Innovation: desired and feared in equal measure by senior executives in businesses round the globe. On the one hand, the school of ‘innovate or die’ – typical in fast moving consumer goods or high tech environments – the mindset, the belief, that ‘you’re only as good as your last success’. Such is the level of competition amongst companies, many live in fear that if they don’t innovate, if they don’t slice the salami of consumer needs and understand deeper, more penetrating insights about the countless ways we live our lives, then their business will be in mortal danger. Famously, the 3M Corporation, notable for inventing Post-It notes¹ tasked itself with ‘The 30% Challenge’ – generating 30% of worldwide sales from products launched in the last 4 years. That’s worth a brief pause to consider. 30% of worldwide sales from products less than 4 years old. I haven’t worked there. I don’t know if it’s a goal that is regularly achieved (but I believe they still use it as a corporate objective), but let me tell you: that is, to quote Jim Collins², a ‘big, hairy, audacious goal’. Glance through the business pages on a weekly basis; read the Annual Reports – for most businesses, ‘innovation’ and ‘lifeblood’ are symbiotically linked.

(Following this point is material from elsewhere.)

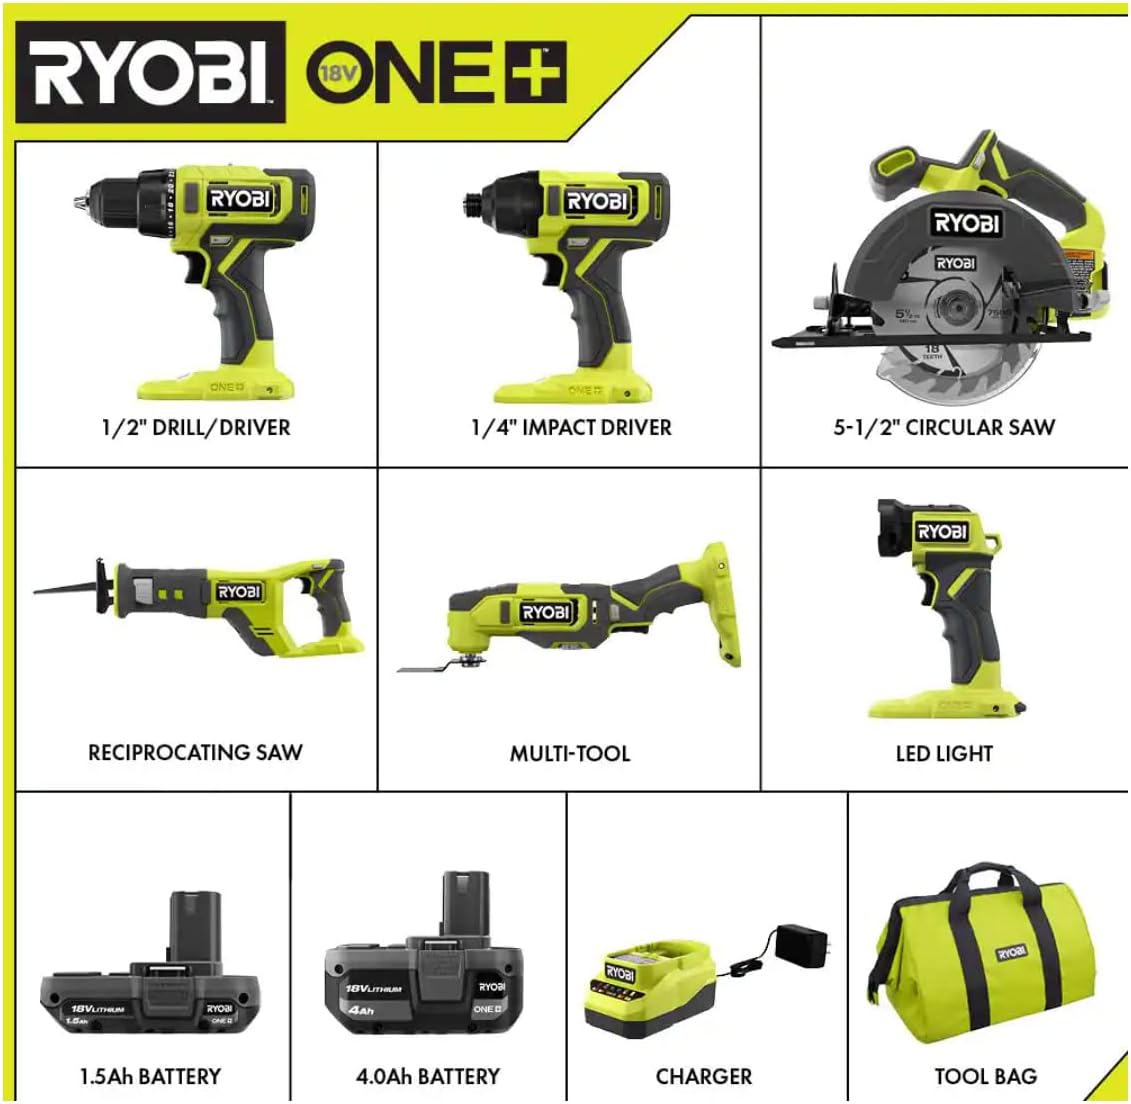 Ryobi One+ Pcl1600K2 18V Cordless 6-Tool Combo Kit With 1.5 Ah Battery, 4.0 Ah Battery, And Charger

Yet on the other hand, there’s the rather unfashionable, whisper-it-lest-you-are-heard, view. That innovation isn’t essential. It’s a school of thought I’m increasingly persuaded by – particularly when it comes to beer.
Let’s interrogate this a little more. Start with consumers, drinkers, customer – call your fellow human beings what you will. People who buy stuff. In the last couple of years, I’ve done research across a dozen, more, different categories of product – bread, beer, wine, spirits, coffee, tea, paper products, banking, pizzas, weight loss, soft drinks, hotels, restaurants – you name it. Here’s the thing – the linking thread. In 90% cases, the people working in the business are convinced that they must have new. Innovation in product, in service, in experience, in something. But in every case, every case, consumers don’t see the need. The reaction by the client is never, therefore, to walk away and spend their time and money on something else, but rather to find a need. The hunt for insights commences, driving motivations behind why we do what we do, and why we spend. And inevitably, it’s ‘slicing the salami’ – the supposed need is ever so thin, ever so see-through, ever so…false. And of course, it’s perpetuated by consultancies and agencies – walk away from food on the table? Best not.
But of course, we do want new. We say we don’t, but we behave ‘we do’. We love our iPads and Galaxies; we like our Tivo boxes, we like folding bikes, naïve smoothies and gooey puds. Heck, we even seem to like Irish & Belgian ciders.
Beer hats on sale now. Go on, you know you want one.
And what struck me about beer is the difference between what the brewers (typically the big boys) ‘say’, and how the brewers (typically the little boys) ‘behave’. Because I don’t think beer needs innovation. By that I mean, I don’t think in the beer market consumers want innovation. As far as I can see beer isn’t broken. What they do want is discovery (or re discovery) of new flavours, styles, places; authenticity; connectedness to memories or good times. On reflection, it seems no surprise that what links successes in the western markets is a perception of smallness. The two decade explosion of North American craft beer; the rising tide of cask beer revolution in the UK from over 1000 small brewers again (cask is now back in growth in the UK); the craft movement in Australia and New Zealand; speciality brands in France, the Low Countries, Scandinavia, Italy. And by the way – this doesn’t mean the big players are not involved – Molson in Canada owns, and has left alone both Creemore Springs and Granville Island; ABI owns stake in a number of US craft businesses – but rather it’s a ‘skunkworks’ approach outside big business that is the success formula: have idea – try in market – refine – build. It’s an attitude about understanding what the drinker wants through, well, going out drinking, rather than relying on large amounts of market analysis and research that has the higher strike rate. From someone who works in innovation and research it’s an uncomfortable thing to admit; but on the other, there’s something exciting about understanding intuition, about seeing beers that were clearly hunches be successful. Now that would be worth understanding.
¹By the way, have you seen the price of Post-Its nowadays? Pant-wettingly expensive.